L’histoire, telle que nous la connaissons, n’a pas toujours existé. L’homme ne s’est pas toujours su et voulu un être historique. De nombreuses sociétés, qualifiées de primitives, traditionnelles ou pré-modernes, se distinguent par des modes d’existence niant l’histoire. On peut donc opposer l’homme traditionnel, qui vit son histoire en l’annulant, à l’homme moderne qui, en découvrant la nature historique de son existence, a permis à l’esprit de devenir historien.

L'Homme Traditionnel et le Temps Mythique

Pour l’homme traditionnel, le temps et les actions humaines n’ont pas de « valeur intrinsèque autonome », comme l’a souligné Mircea Eliade. Ce qui importe, c’est ce qui s’est passé dans le temps originaire, le temps des commencements, un temps sacré, celui des dieux, des héros ou des ancêtres. Le temps des hommes, profane, ne peut être que la répétition ou l’imitation de ce temps primordial.

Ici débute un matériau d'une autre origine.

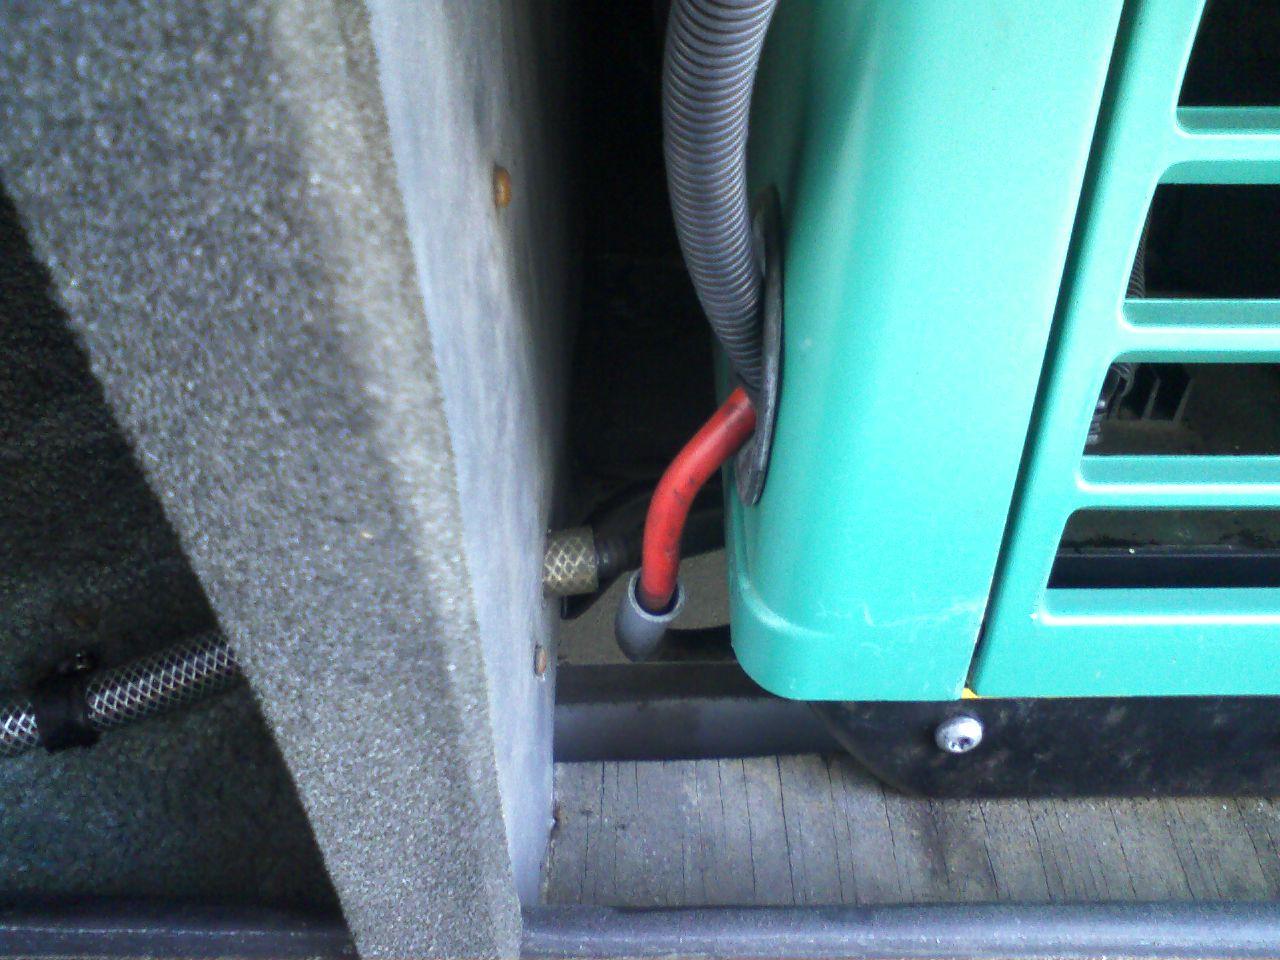 Click image for larger version  Name:Genset Cooling Air Intake.jpg Views:113 Size:183.2 KB ID:123468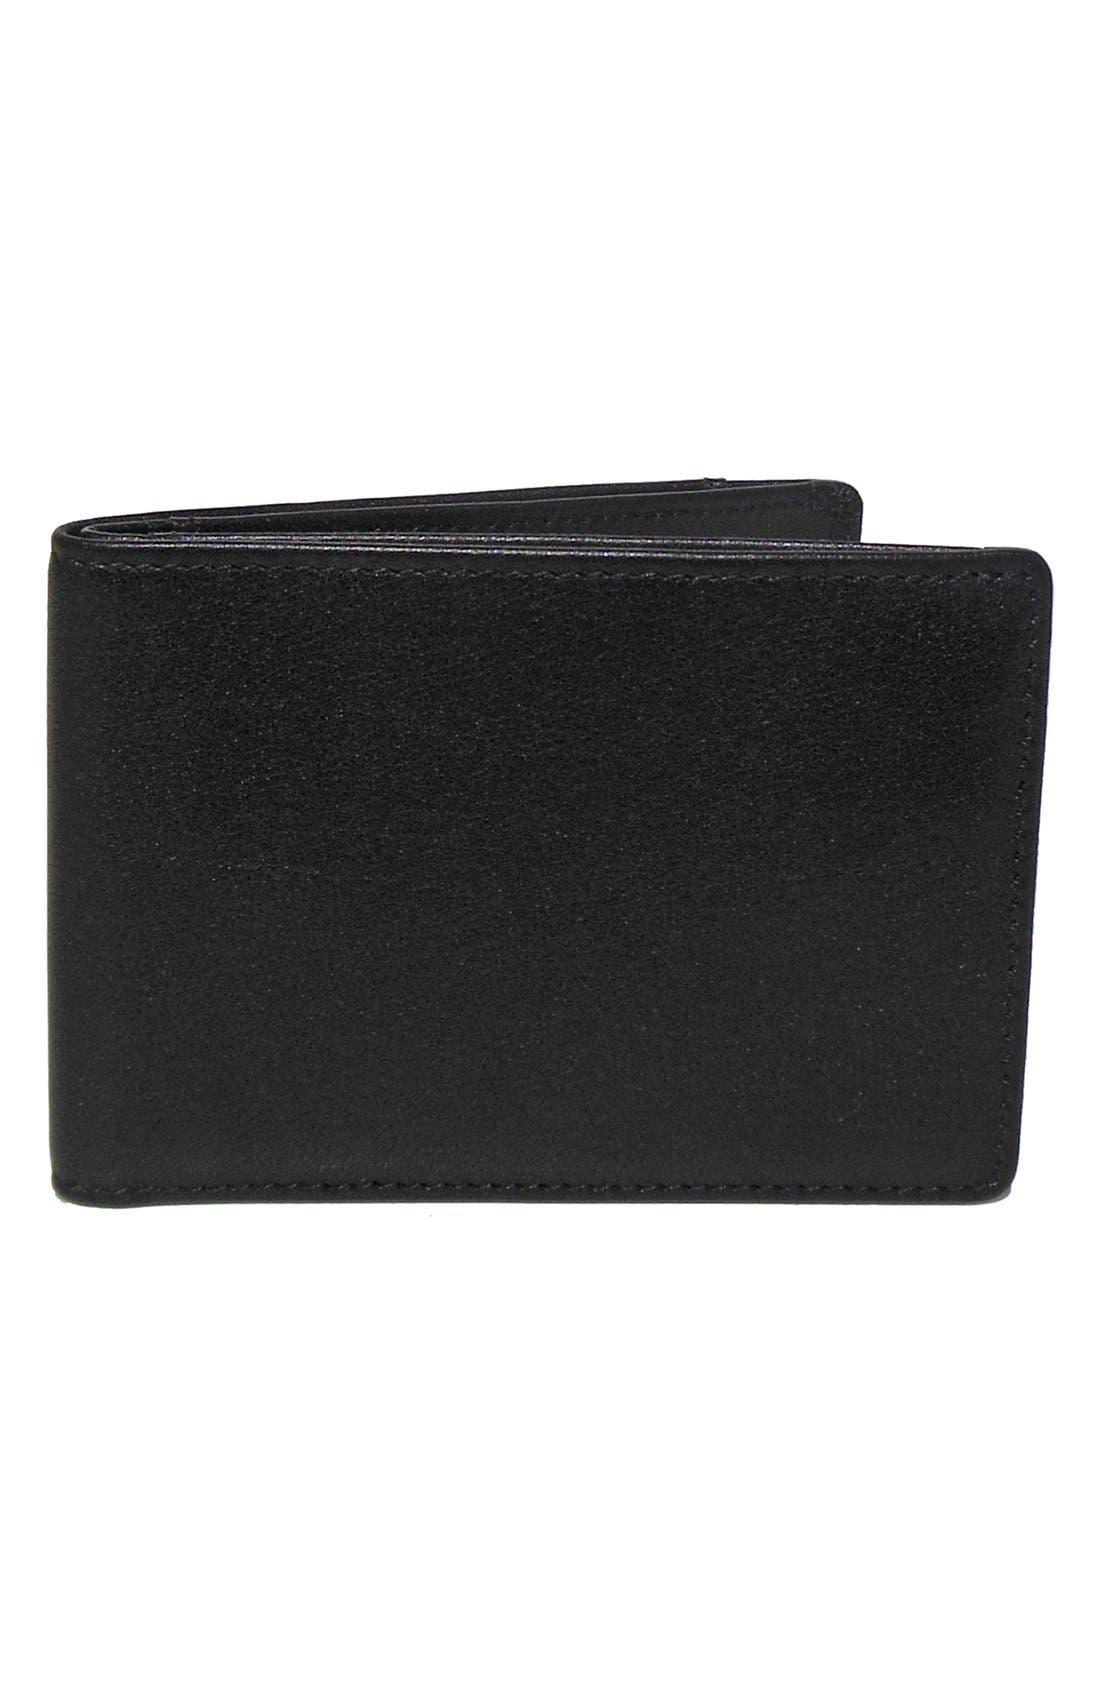 'Grant Slimster' RFID Blocker Leather Wallet,                         Main,                         color,

La société traditionnelle est ainsi orientée vers la réactualisation du passé fondateur. « Tout rituel a un modèle divin, un archétype », explique Eliade, citant des adages indiens tels que « Nous devons faire ce que les dieux firent au commencement » et « Ainsi ont fait les dieux; ainsi font les hommes ». Cette théorie sous-jacente aux rituels se retrouve chez divers peuples, des aborigènes d’Australie aux nègres Amazoulous, où les coutumes sont justifiées par les actions des ancêtres mythiques. Chez les Sakhalaves de Madagascar, toutes les coutumes doivent être observées conformément aux lois héritées des ancêtres. Tous les actes religieux sont supposés avoir été fondés par les dieux, héros civilisateurs ou ancêtres mythiques.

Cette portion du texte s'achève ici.